LLMs massively expand the possibilities for AI-supported language processing. Large language models use deep learning techniques and are trained to recognize the patterns and relationships between words and phrases using billions of data sets. This enables them to process, understand, and generate human language.
Another group of digital purchasing assistants are LLM negotiation bots for tail spend orders. Due to the low individual volume of tail spend orders, most purchasing organizations do not consider it economically viable to use their own employees for negotiations. However, although individual tail spend orders have a low cost, the total volume can accumulate considerably.
Another group of digital purchasing assistants are LLM negotiation bots for tail-spend orders. Due to the low individual volume of tail spend orders, most purchasing organizations do not consider it economically viable to use their own employees for negotiations. However, although tail-spend orders individually cause low costs, the total volume can accumulate considerably.
LLM negotiation bots can exploit the savings potential of tail spend orders by automating the entire negotiation process: from selecting the orders to be negotiated, determining the negotiation strategy, conducting negotiations with the supplier, up to implementing the order.
Determination of product groups
A third current example is innovative LLM bots for automatically determining the product group, as provided by SAP Buying 360—a new function of SAP Ariba Buying and S/4 Cloud, Public Edition. In this use case, the use of AI also greatly relieves the burden on retailers, as determining merchandise categories is one of the most time-consuming tasks in their day-to-day work.
LLM bots offer purchasing departments a number of key benefits. In addition to tail spend savings, the reduction in time and costs through automated operational procurement processes ranks right at the top. As monotonous, repetitive tasks are taken over by machines, retailers can concentrate on strategic and innovative tasks. This increases their motivation and allows the sales department to focus more on improving procurement processes and supplier management. Regulatory requirements such as the German Supply Chain Duty of Care Act (LkSG) and increasing supply bottlenecks require comprehensive supply chain monitoring and risk management, now more than ever.

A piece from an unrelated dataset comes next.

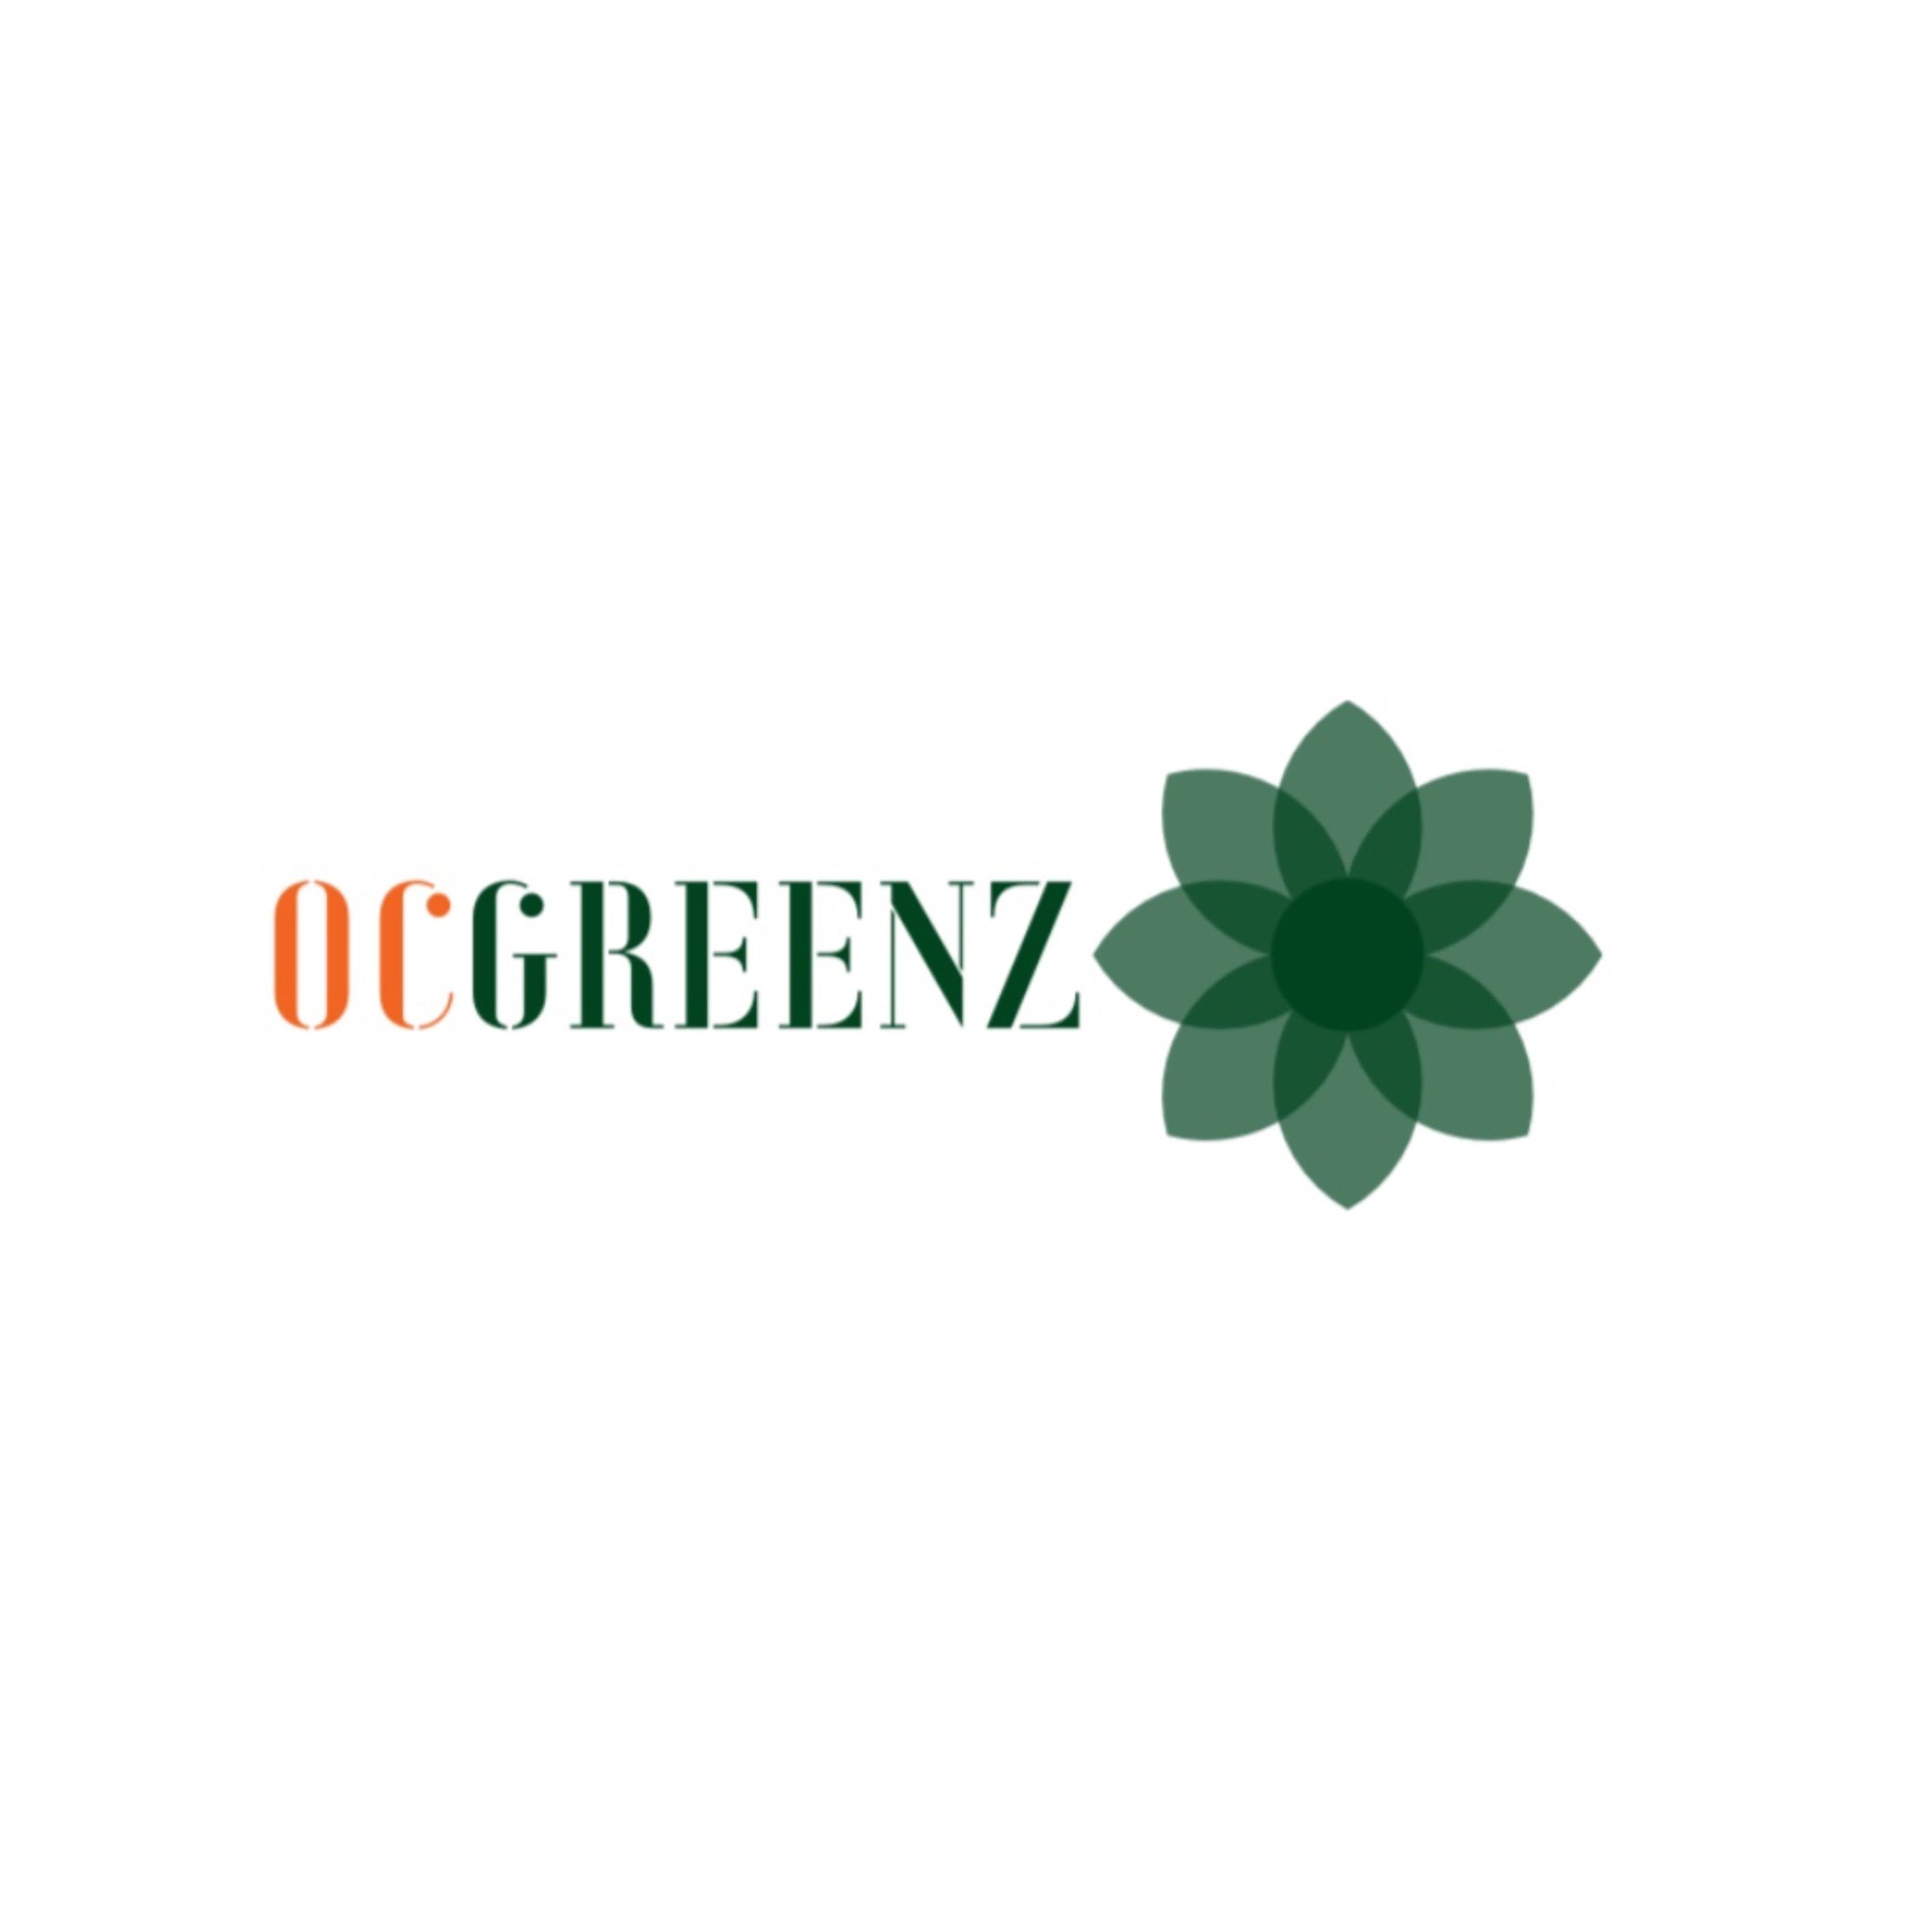 OCGREENZ - Medical Marijuana Doctors - Cannabizme.com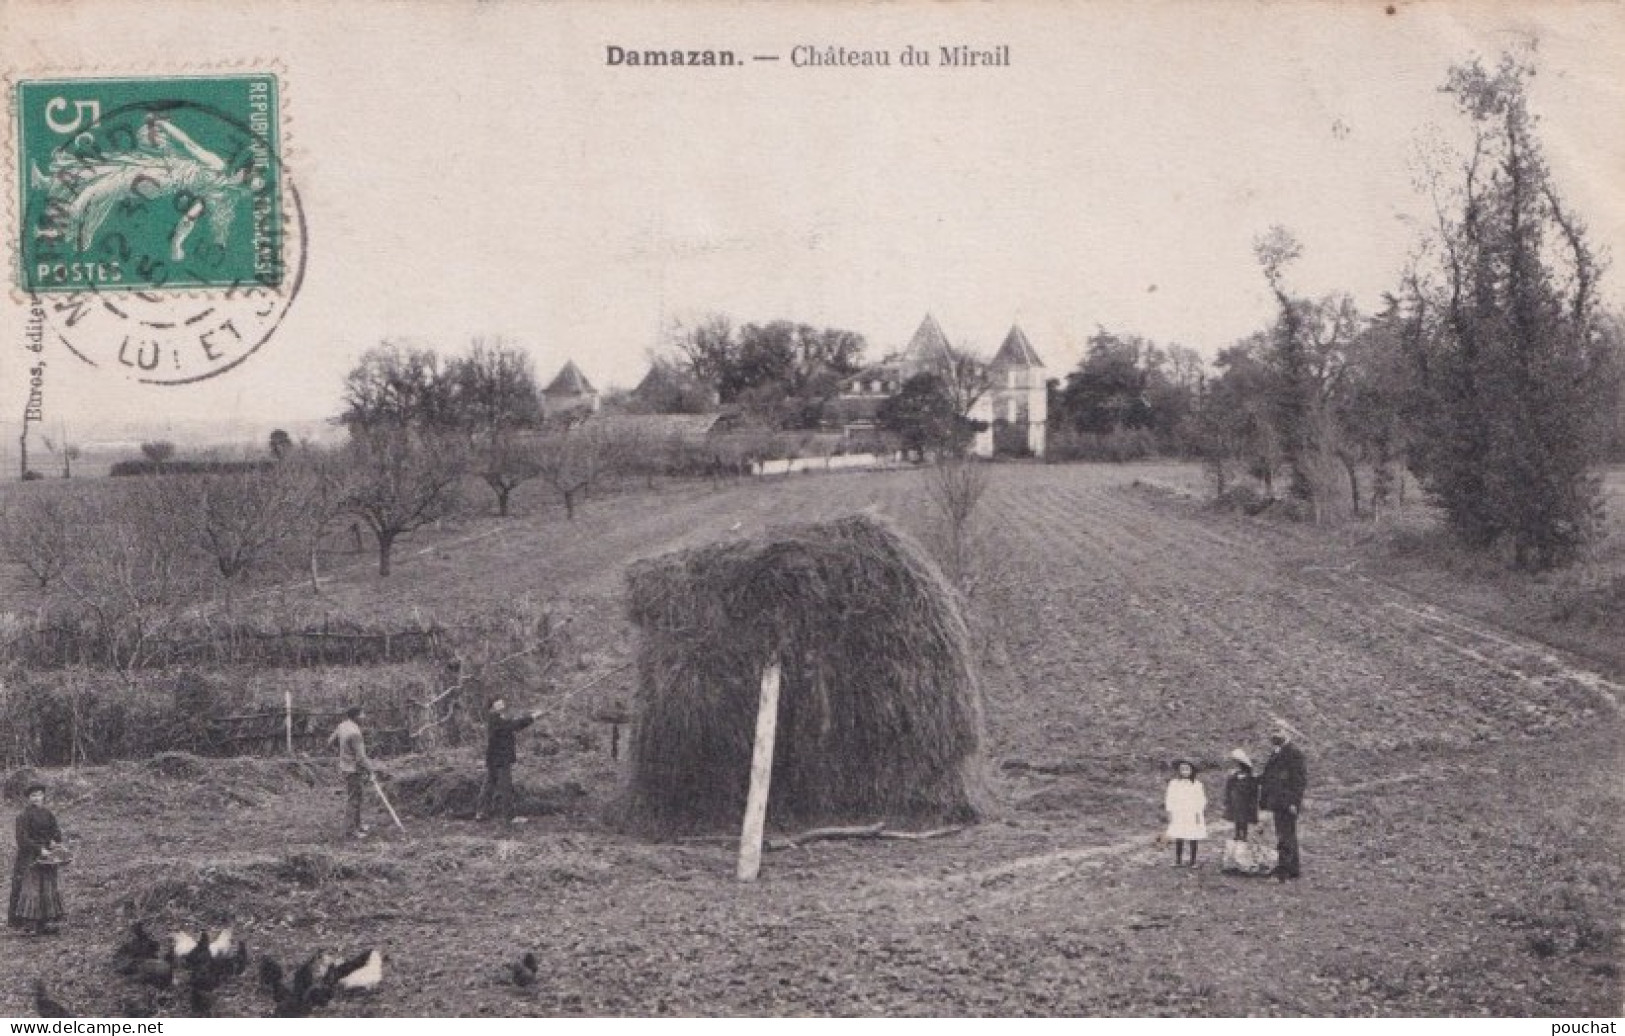 E16-47) DAMAZAN - CHATEAU DU MIRAIL  - ANIMEE - TRAVAUX DES CHAMPS DANS LE PARC - EN 1915Travaux Dans Le Parc - Damazan

Whereas requesters would have to rely on manual support from often overworked retail staff, the FAQ and negotiation bots can access the backend systems directly and can deal with any query or request immediately. In addition, the bots also optimize purchasing data quality. In order for the LLM bots to work reliably, the data records in the SAP back-end systems must be up-to-date, complete, error-free, consistent, and unmistakable. This forces retailers to continuously maintain their data. Requesters must also pay attention to these quality criteria when entering data to ensure their requests can be answered satisfactorily. High data quality significantly reduces error rates in operational procurement processes.
The introduction of modern LLM bots in SAP-based purchasing organizations should follow a clear road map. The next step is to use prompt engineering methods to communicate these questions to the generative AI model in such a way that it delivers high-quality and relevant results. As large language models can be trained to immediately recognize the intention of the questioner and assign the question to the corresponding use case, the development and implementation effort is significantly lower than for conventional chatbots. This is because separate paths have to be built for each use case. In contrast, a single LLM bot can cover many different tasks and applications within a retail organization.
It is important to start with change management measures early on in the project in order to increase user acceptance. This is the only way to ensure that requesters and suppliers are prepared to interact with the new text robots once they are released and put into operation.